What you will do -
Which lines below fall between the one containing "Certified 14k White" and the one containing "Dell G5587-7866BLK-PUS G5"? Repeat them exactly, counting both of those lines, and add nothing else.

Given entries -
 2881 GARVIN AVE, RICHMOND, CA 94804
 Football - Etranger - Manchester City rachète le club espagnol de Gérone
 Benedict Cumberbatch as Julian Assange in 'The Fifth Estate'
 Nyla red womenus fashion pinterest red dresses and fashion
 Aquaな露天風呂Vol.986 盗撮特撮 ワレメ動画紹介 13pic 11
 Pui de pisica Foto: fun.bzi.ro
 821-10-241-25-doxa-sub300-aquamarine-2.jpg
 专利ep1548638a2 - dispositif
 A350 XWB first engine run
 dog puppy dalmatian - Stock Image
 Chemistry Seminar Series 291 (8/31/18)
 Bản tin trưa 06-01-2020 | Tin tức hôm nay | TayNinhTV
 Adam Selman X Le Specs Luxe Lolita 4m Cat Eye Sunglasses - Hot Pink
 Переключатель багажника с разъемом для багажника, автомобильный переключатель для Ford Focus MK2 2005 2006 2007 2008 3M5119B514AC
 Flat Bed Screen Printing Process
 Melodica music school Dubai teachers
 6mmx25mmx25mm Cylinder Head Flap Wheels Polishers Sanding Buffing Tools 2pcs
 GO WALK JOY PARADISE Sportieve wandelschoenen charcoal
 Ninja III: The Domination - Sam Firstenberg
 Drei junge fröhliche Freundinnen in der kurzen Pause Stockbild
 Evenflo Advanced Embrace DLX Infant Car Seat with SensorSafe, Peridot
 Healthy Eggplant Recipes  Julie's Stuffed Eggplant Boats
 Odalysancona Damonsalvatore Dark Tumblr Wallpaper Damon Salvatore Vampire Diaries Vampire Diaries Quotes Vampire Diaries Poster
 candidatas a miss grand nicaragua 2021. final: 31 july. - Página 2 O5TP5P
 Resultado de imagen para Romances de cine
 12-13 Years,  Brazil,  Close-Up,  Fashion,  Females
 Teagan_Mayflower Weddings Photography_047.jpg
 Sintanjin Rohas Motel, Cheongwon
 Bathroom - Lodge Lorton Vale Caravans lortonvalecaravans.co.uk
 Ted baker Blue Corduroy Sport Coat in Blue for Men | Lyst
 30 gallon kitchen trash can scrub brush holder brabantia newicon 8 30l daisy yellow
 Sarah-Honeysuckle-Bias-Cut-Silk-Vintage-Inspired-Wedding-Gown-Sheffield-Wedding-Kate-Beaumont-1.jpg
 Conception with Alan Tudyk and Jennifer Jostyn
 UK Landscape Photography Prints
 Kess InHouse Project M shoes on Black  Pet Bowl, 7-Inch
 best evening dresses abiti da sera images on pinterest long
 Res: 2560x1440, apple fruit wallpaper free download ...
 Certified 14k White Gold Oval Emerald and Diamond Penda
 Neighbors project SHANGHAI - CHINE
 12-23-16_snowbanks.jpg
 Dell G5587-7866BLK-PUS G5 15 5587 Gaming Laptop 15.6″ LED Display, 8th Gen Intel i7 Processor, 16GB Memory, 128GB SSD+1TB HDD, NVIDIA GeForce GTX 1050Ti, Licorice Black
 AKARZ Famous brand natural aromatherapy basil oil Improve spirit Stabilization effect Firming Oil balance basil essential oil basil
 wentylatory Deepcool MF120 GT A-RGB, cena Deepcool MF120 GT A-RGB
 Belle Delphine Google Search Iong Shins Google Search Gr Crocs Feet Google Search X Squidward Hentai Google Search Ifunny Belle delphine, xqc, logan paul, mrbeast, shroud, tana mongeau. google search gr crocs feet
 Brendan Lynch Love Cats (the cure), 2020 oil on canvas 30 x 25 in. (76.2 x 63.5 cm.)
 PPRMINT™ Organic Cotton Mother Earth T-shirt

Solution to this exercise -
 Certified 14k White Gold Oval Emerald and Diamond Penda
 Neighbors project SHANGHAI - CHINE
 12-23-16_snowbanks.jpg
 Dell G5587-7866BLK-PUS G5 15 5587 Gaming Laptop 15.6″ LED Display, 8th Gen Intel i7 Processor, 16GB Memory, 128GB SSD+1TB HDD, NVIDIA GeForce GTX 1050Ti, Licorice Black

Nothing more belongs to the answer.